On Mon, 2014-02-17 at 11:37 -0700, Eric Blake wrote:
> On 01/14/2014 02:27 AM, Chen Fan wrote:
> > This option provides the infrastructure for specifying apicids when
> > boot VM, For example:
> > 
> >  #boot with apicid 0 and 2:
> >  -smp 2,apics=0xA,maxcpus=4  /* 1010 */
> >  #boot with apicid 1 and 7:
> >  -smp 2,apics=0x41,maxcpus=8 /* 0100 0001 */
> 
> This syntax feels a bit odd when maxcpus is not a multiple of 8, and
> even harder when not a multiple of 4.  I think part of my confusion
> stems from you treating the lsb as the left-most bit, but expect me to
> write in hex where I'm used to the right-most bit being lsb   Wouldn't
> it be easier to express:
> 
> msb .... lsb
> 
> with leading 0s implied as needed, as in:
> 
> 0x5 => 0101 => id 0 (lsb) and id 2 are enabled, regardless of whether
> maxcpus=4 or maxcpus=8
> 0x82 => 1000 0010 => id 1 and id 7 are enabled, regardless of whether
> maxcpus=8 or maxcpus=256
> 
> 0x100000000 => id 32 is enabled
> 
> Or even better, why not reuse existing parsers that take cpu ids
> directly as numbers instead of making me compute a bitmap (as in
> maxcpus=4,id=0,id=2 - although I don't quite know QemuOpts well enough
> to know if you can repeat id= for forming a list of disjoint id numbers)
> 
Thanks for your review, but this form was deprecated. Igor proposed
using -device /-device-add to specify the disjoint id numbers.

Thanks,
Chen 

> > @@ -92,6 +93,14 @@ of @var{threads} per cores and the total number of 
> > @var{sockets} can be
> >  specified. Missing values will be computed. If any on the three values is
> >  given, the total number of CPUs @var{n} can be omitted. @var{maxcpus}
> >  specifies the maximum number of hotpluggable CPUs.

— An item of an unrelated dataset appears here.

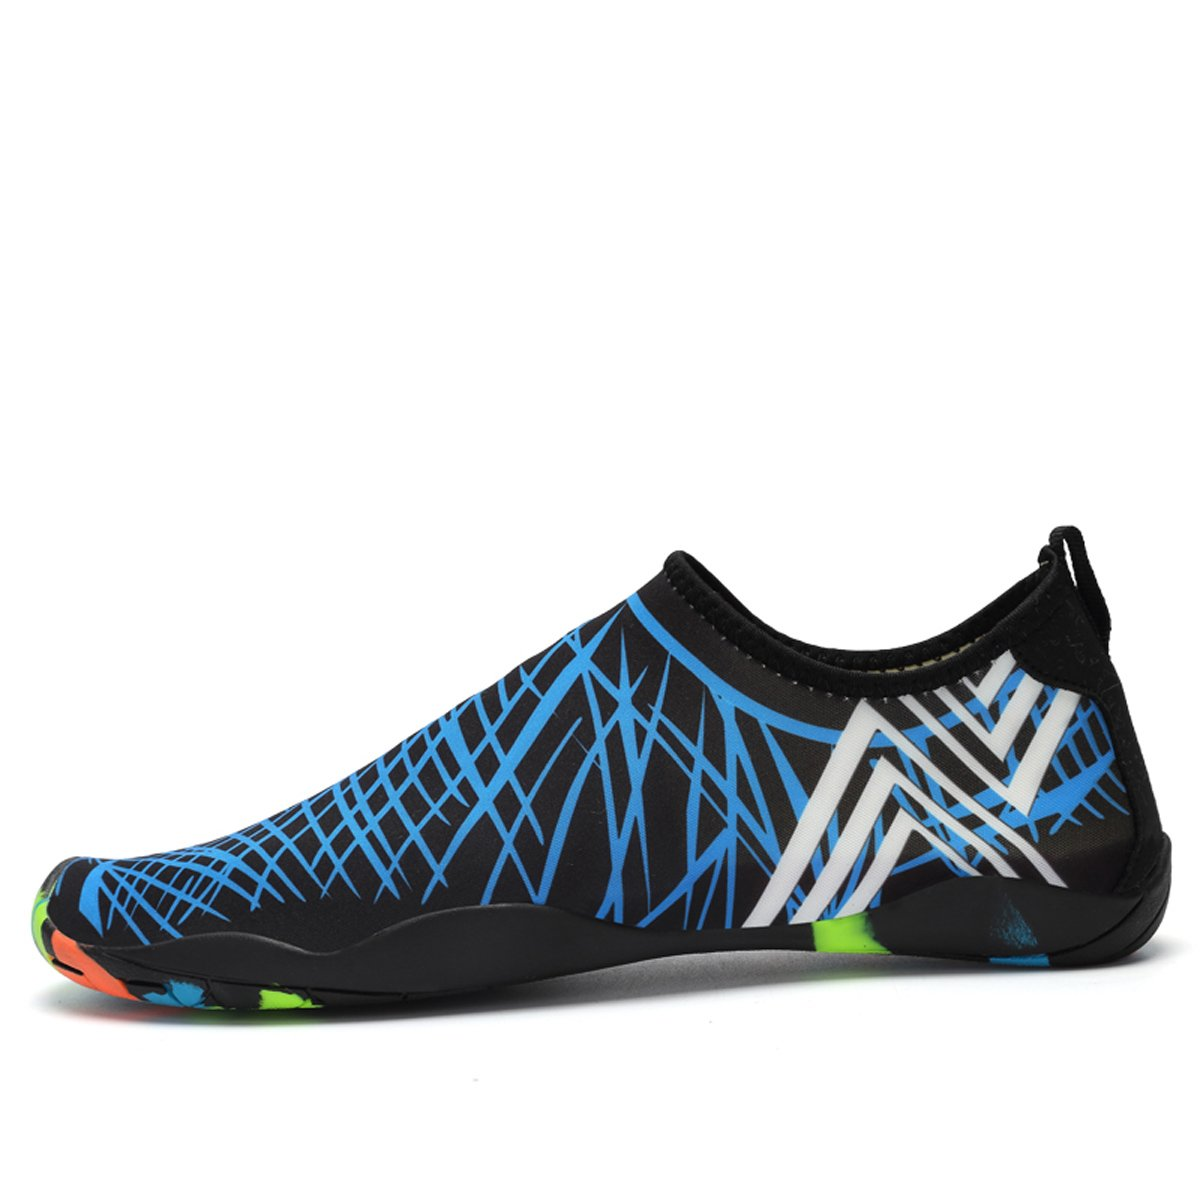 fa09efab3fe AFFINEST Unisexe Plongée Chaussures Respirants Séchage Rapide ...

> > address@hidden specifies the boot bitmap of existed apicid.
> 
> s/existed/existing/
> 
> > +
> > address@hidden
> > +#specify the boot bitmap of apicid with 0 and 2:
> > +qemu-system-i386 -smp 2,apics=0xA,maxcpus=4  /* 1010 */
> > +#specify the boot bitmap of apicid with 1 and 7:
> > +qemu-system-i386 -smp 2,apics=0x41,maxcpus=8 /* 0100 0001 */
> > address@hidden example
> 
> These examples would need updating to match my concerns.
> 
> > @@ -1379,6 +1382,9 @@ static QemuOptsList qemu_smp_opts = {
> >          }, {
> >              .name = "maxcpus",
> >              .type = QEMU_OPT_NUMBER,
> > +        }, {
> > +            .name = "apics",
> > +            .type = QEMU_OPT_STRING,
> 
> Why a string with your own ad-hoc parser?  Can't we reuse some of the
> existing parsers that already know how to handle (possibly-disjoint)
> lists of cpu numbers?
> 
> > +        if (apics) {
> > +            if (strstart(apics, "0x", &apics)) {
> 
> Why not also allow 0X?
> 
> > +                if (*apics != '\0') {
> > +                    int i, count;
> > +                    int64_t max_apicid = 0;
> > +                    uint32_t val;
> > +                    char tmp[2];
> > +
> > +                    count = strlen(apics);
> > +
> > +                    for (i = 0; i < count; i++) {
> > +                        tmp[0] = apics[i];
> > +                        tmp[1] = '\0';
> > +                        sscanf(tmp, "%x", &val);
> 
> sscanf is evil.  It has undefined behavior on input overflow (that is,
> if I say 0x10000000000000000, there is no guarantee what sscanf will
> stick into val).  All the more reason you should be using an existing
> parser which gracefully handles overflow.